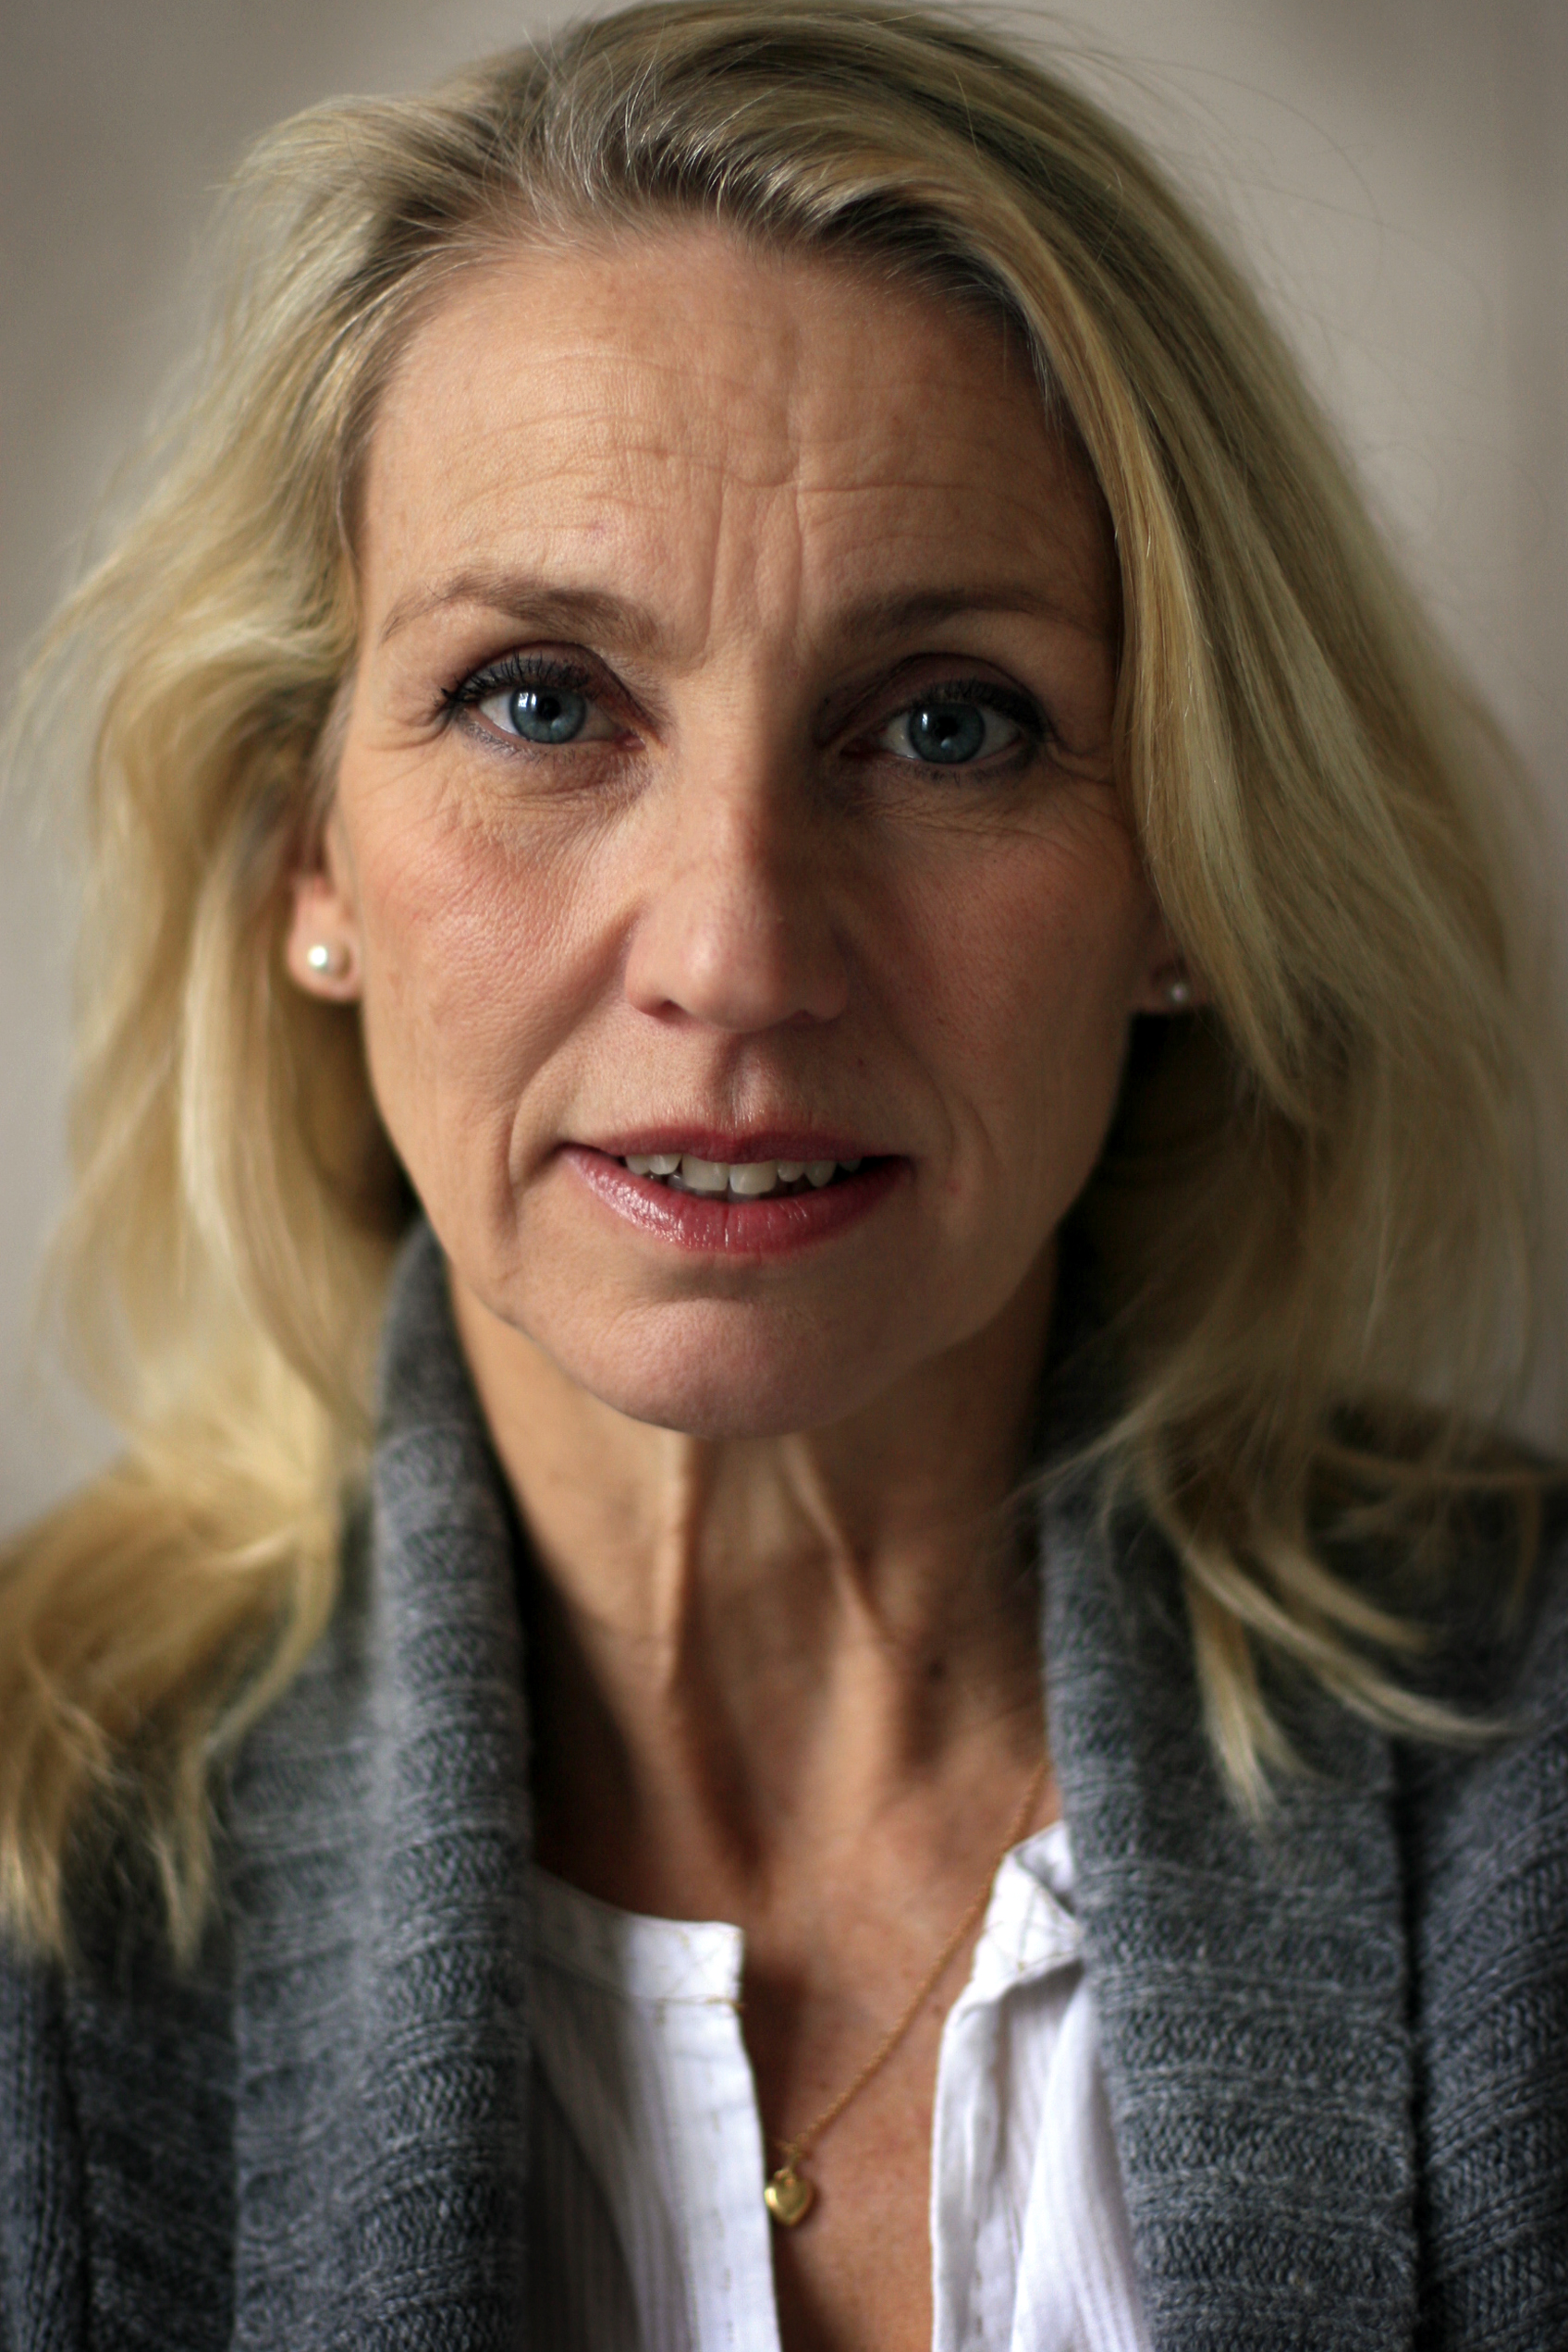 Susanne Barklund
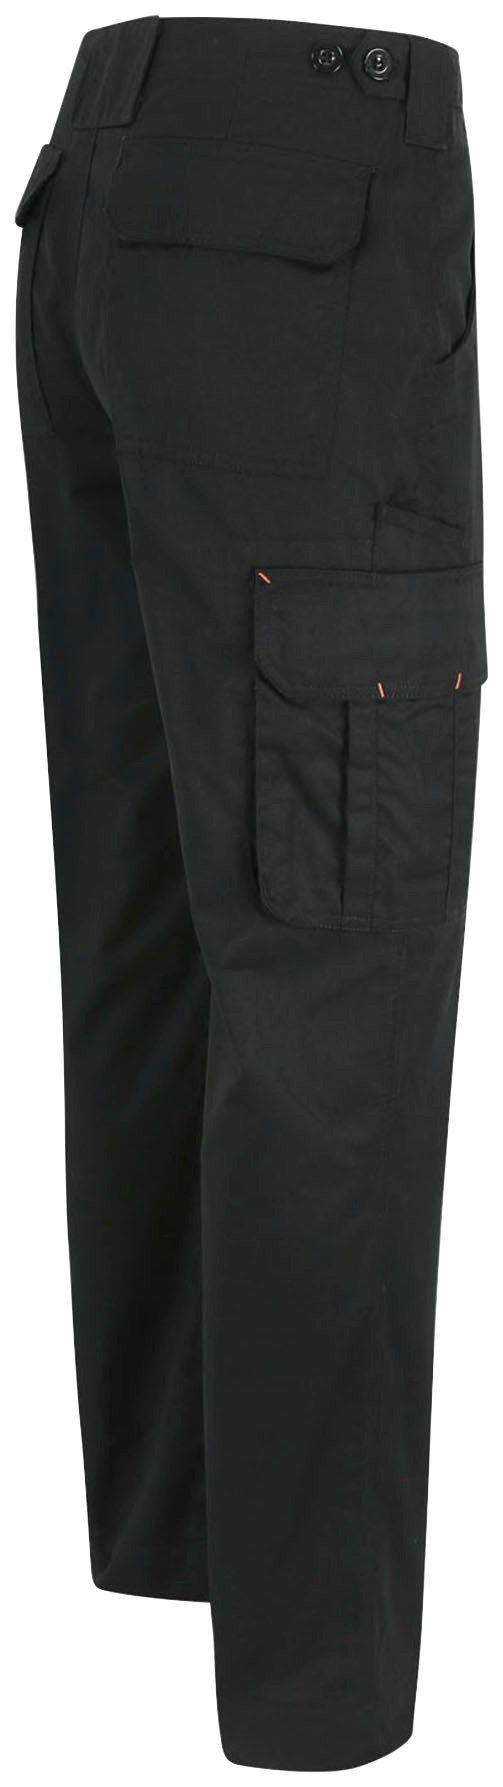 Wasserabweisend, leicht, schwarz Herock viele einstellbarer Bund, 7 Thor Hose Farben Arbeitshose Taschen,
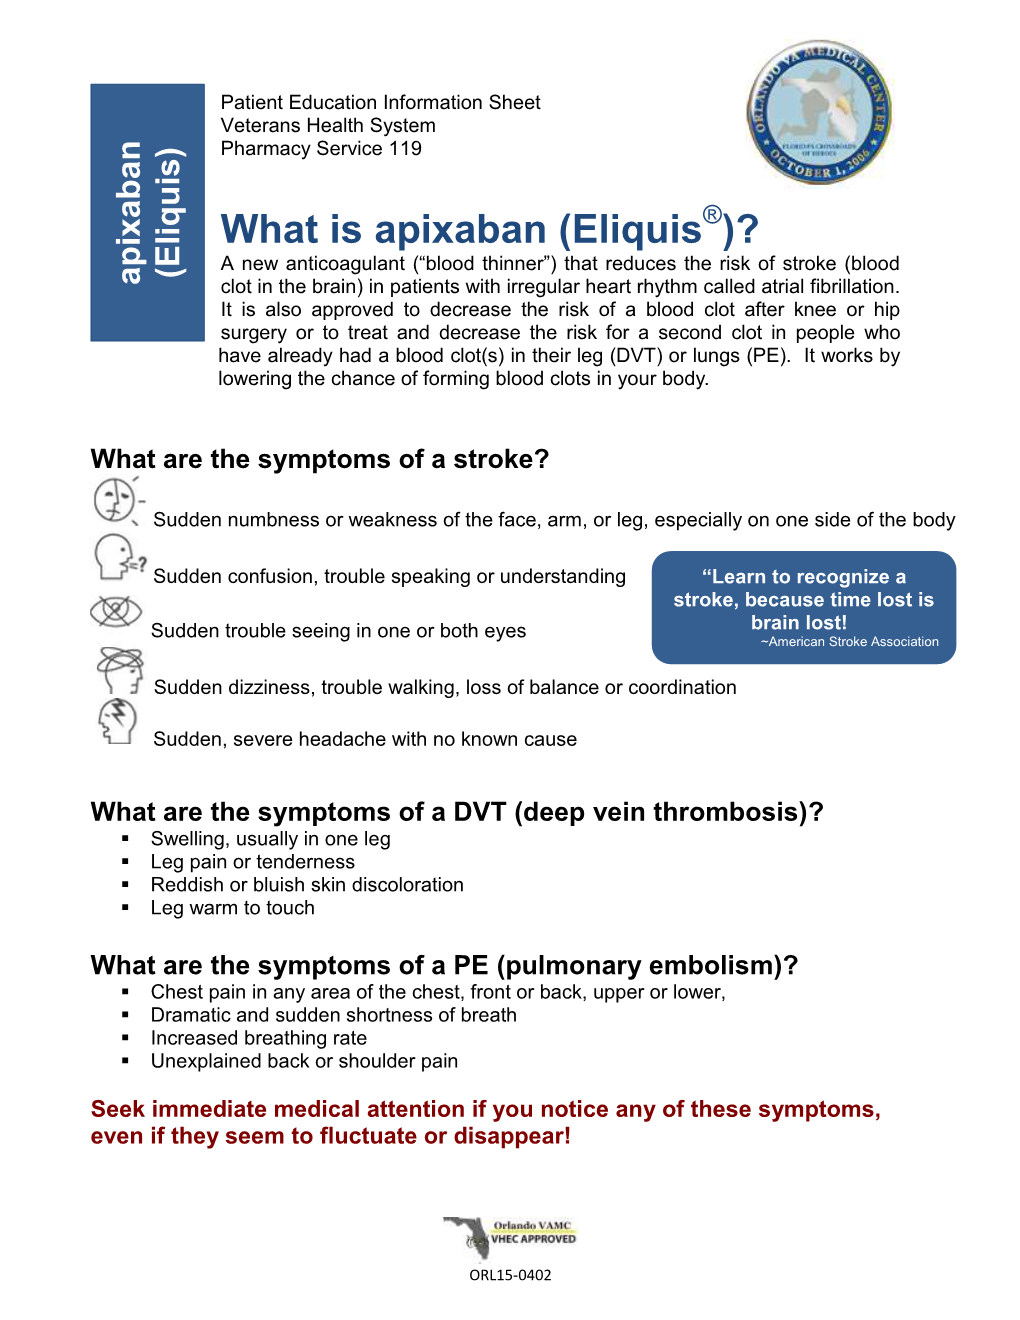 What Is Apixaban (Eliquis)?

▶ _INSTRUCTIONS TO FOLLOW_
The data above should be repeated exactly, minus any pictures.

▶ _RESPONSE TO THE EXERCISE_
 Susanne Barklund
 Wasserabweisend, leicht, schwarz Herock viele einstellbarer Bund, 7 Thor Hose Farben Arbeitshose Taschen,
 What Is Apixaban (Eliquis)?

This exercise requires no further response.